▶ [Exercise details]: Search the material below for the word "para" and copy every line in which it occurs.

▶ [Material supplied]:
════════
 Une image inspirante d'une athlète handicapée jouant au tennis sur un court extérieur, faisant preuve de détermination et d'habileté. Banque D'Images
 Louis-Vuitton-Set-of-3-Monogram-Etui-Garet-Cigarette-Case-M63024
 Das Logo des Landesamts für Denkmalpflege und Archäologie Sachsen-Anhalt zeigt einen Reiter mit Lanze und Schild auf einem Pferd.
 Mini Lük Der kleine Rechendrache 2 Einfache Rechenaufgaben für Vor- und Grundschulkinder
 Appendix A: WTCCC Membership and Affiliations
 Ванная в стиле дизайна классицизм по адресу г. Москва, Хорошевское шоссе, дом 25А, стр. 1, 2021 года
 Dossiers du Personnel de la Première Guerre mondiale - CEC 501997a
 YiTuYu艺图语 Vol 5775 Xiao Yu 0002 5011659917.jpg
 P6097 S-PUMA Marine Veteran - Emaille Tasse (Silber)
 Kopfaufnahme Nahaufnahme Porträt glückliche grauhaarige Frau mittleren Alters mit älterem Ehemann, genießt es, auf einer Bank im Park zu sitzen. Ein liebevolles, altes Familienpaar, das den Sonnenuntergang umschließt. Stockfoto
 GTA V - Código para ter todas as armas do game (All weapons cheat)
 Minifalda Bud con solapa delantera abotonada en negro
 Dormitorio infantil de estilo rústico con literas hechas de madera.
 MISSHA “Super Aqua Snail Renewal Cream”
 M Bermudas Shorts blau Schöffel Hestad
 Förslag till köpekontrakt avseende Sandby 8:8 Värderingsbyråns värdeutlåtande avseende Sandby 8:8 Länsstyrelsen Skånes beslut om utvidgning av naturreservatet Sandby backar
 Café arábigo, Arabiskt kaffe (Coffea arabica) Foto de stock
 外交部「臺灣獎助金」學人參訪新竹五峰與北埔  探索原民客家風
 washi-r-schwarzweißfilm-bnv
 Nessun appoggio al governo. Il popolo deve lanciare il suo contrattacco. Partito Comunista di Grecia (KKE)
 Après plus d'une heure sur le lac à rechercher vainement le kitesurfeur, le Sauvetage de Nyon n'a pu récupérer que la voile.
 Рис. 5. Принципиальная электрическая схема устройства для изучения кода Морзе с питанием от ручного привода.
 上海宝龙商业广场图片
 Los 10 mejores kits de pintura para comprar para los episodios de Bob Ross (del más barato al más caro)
════════
▶ [Result of the task]:
 GTA V - Código para ter todas as armas do game (All weapons cheat)
 Los 10 mejores kits de pintura para comprar para los episodios de Bob Ross (del más barato al más caro)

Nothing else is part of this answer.